На фоне зеленого буйства пышных елей и сосен, раскидистых пальм, устремленных в небо эвкалиптов и махровых акаций дерзко пламенела красночерепичная крыша старинного особняка. Вдоль дорожки, ведущей к дому, благоухали розы, мальвы и люпины, а вокруг просторной открытой террасы, окружавшей дом, в висящих на перилах резных деревянных ящиках желтели калифорнийские маки.
Пройдя по дорожке, засыпанной мелким гравием, Олейников подошел к особняку, огляделся и, стараясь ступать осторожно, чтоб не скрипнули ступеньки, стал подниматься по лестнице на террасу, в дальнем углу которой в ротанговом кресле-качалке он приметил неподвижную человеческую фигуру.
Петр сделал несколько бесшумных шагов и осторожно положил руку на плечо дремавшему в кресле человеку. Тот вздрогнул, резко обернулся и выбросил вперед лежавшую под газетой на коленях руку – в грудь Олейникову уперся холодный ствол револьвера! Сквозь длинную седую челку голубые, хоть и усталые, но волевые глаза пристально смотрели на Олейникова. Плотно сжатые губы, прямой нос, немигающий взгляд подчеркивали решимость. Боясь пошевелиться, Петр осторожно улыбнулся. И вдруг губы хозяина дома задрожали, на ресницах блеснула слеза, рука с револьвером упала на колени, и он еле слышно прошептал, словно выдохнул:
– Петенька…
Шикарная яхта Джанкано величественно вошла в лос-анджелесскую бухту Марина-дель-Рей и уверенно пришвартовалась у центрального причала.

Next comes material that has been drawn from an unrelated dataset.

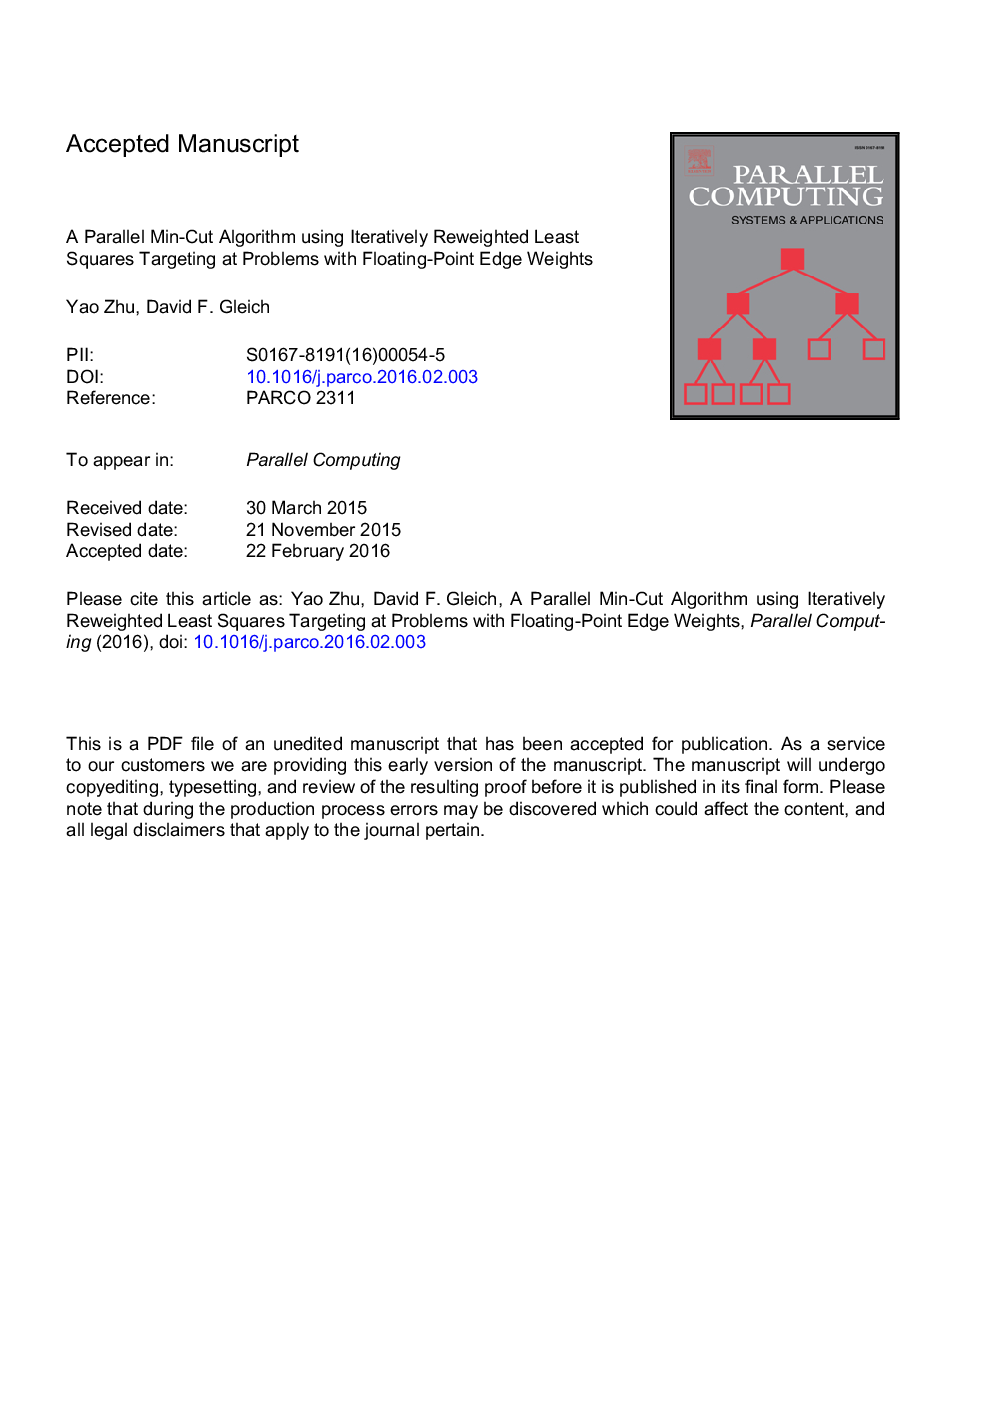 یک الگوریتم مینی برش موازی با استفاده از مقادیر کمترین مربعات تکراری که در مسائل با وزن لبه های شناور نقطه هدف قرار می گیرند 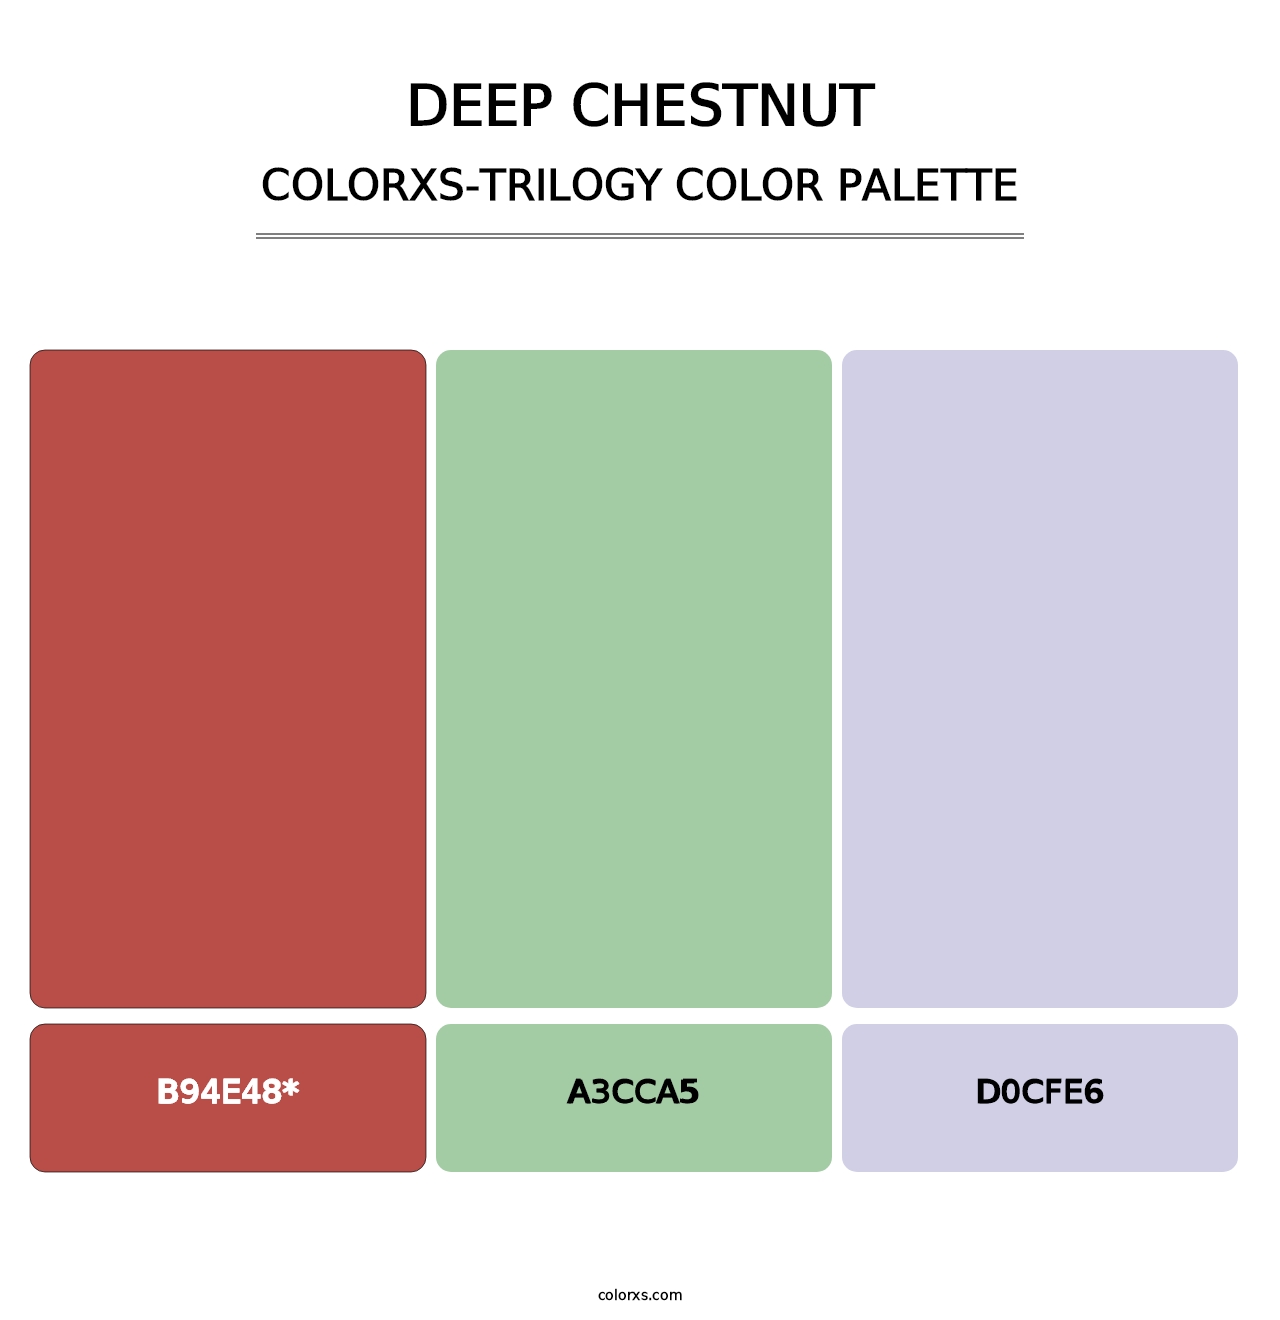 Deep Chestnut - Colorxs Trilogy Palette

– А когда я получу свои деньги? Вы ведь мне заплатите? Как договаривались? – капризно морща носик и на ходу застегивая платье, тараторила Юдит, семеня по палубе за Джанкано к трапу.
Джанкано, уже облаченный в элегантный белоснежный костюм, резко обернулся:
– Послушай, крошка! Никогда не задавай мне таких вопросов. Выполнишь задание полностью – получишь деньги. Но если будешь трепаться…
За спиной Юдит выросла угрожающая фигура Карлоса, он крепко обхватил ее шею рукой, и выскочившее из ножа острое как бритва лезвие прижалось к девичьему горлу.
Юдит испуганно вскрикнула. Джанкано посмотрел в ее широко распахнутые от ужаса глаза, усмехнулся и небрежно кивнул Карлосу. Нож тут же исчез.
– И я буду сниматься в кино с Мэрилин Монро и с Синатрой? – словно ничего и не произошло, вновь защебетала Юдит.
– Все-таки некоторые люди у нас такие дуры… – покачал головой Джанкано и, звонко хлопнув Юдит по заднице, подтолкнул ее к трапу: – Я же сказал – будешь! Давай, а то я на важную встречу опоздаю.
Юдит, с трудом балансируя на шпильках, сбежала по трапу, отправила Джанкано воздушный поцелуй и, вдохновленная, скрылась из виду.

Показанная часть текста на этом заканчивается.